**Collected material:**
╭──

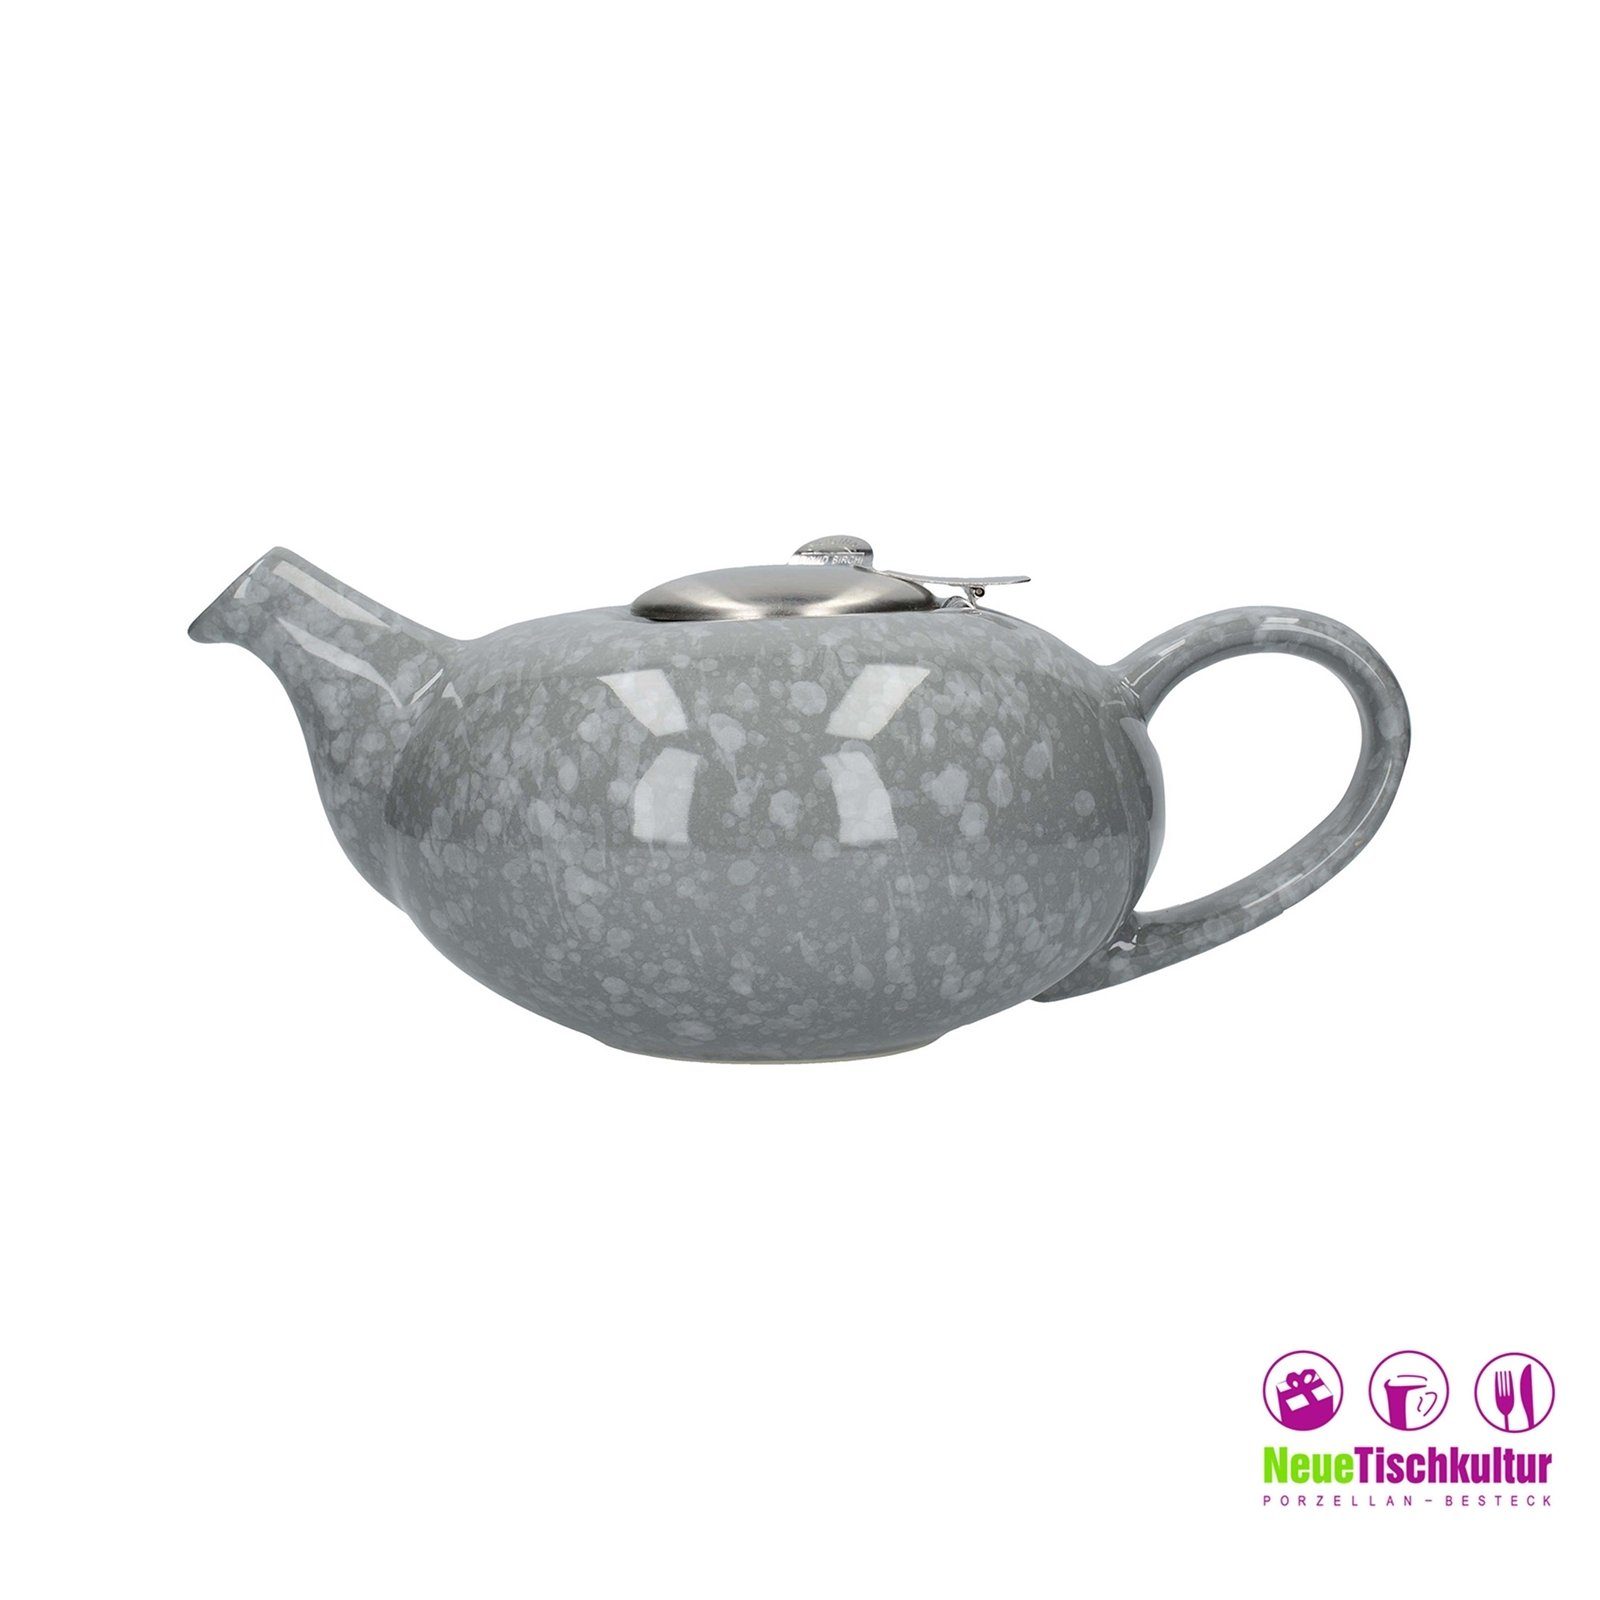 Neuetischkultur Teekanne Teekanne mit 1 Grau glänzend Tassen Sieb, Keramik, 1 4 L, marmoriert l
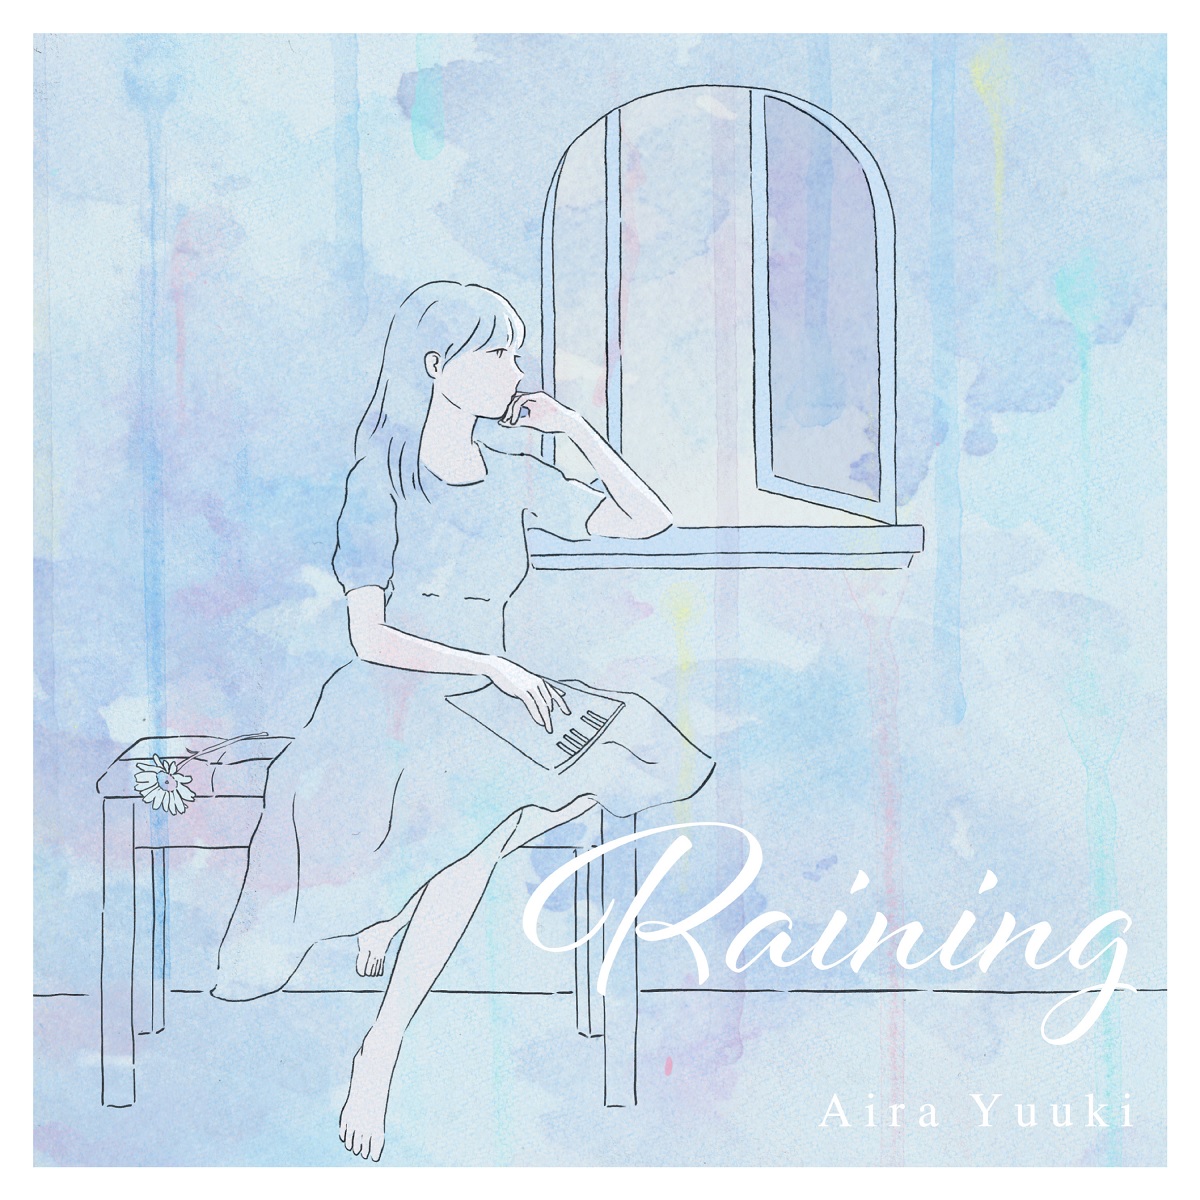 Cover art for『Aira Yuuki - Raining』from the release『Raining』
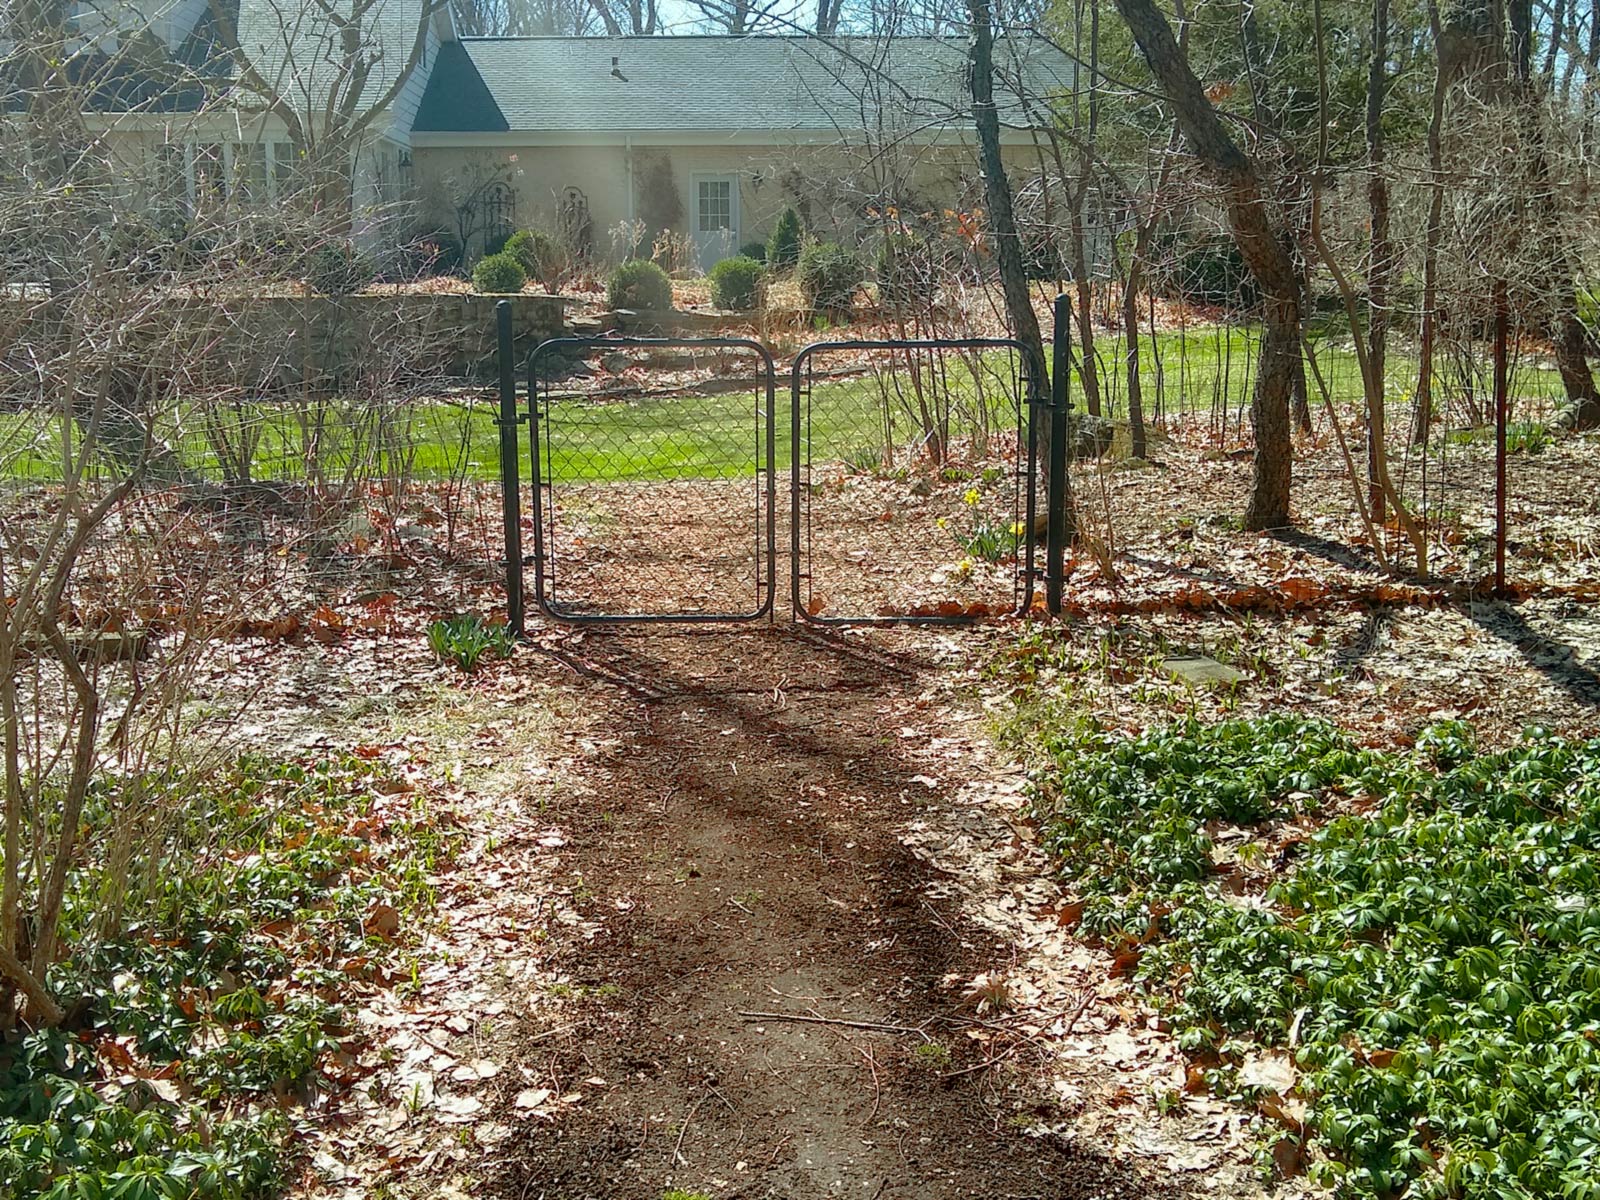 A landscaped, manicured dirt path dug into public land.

╰──

**Your objective:** Could you give again precisely the lines from the one containing "Cover art for『Aira" through the final line of the material above, both included, and no others, dropping the pictures?

**Result:**
 Cover art for『Aira Yuuki - Raining』from the release『Raining』
 A landscaped, manicured dirt path dug into public land.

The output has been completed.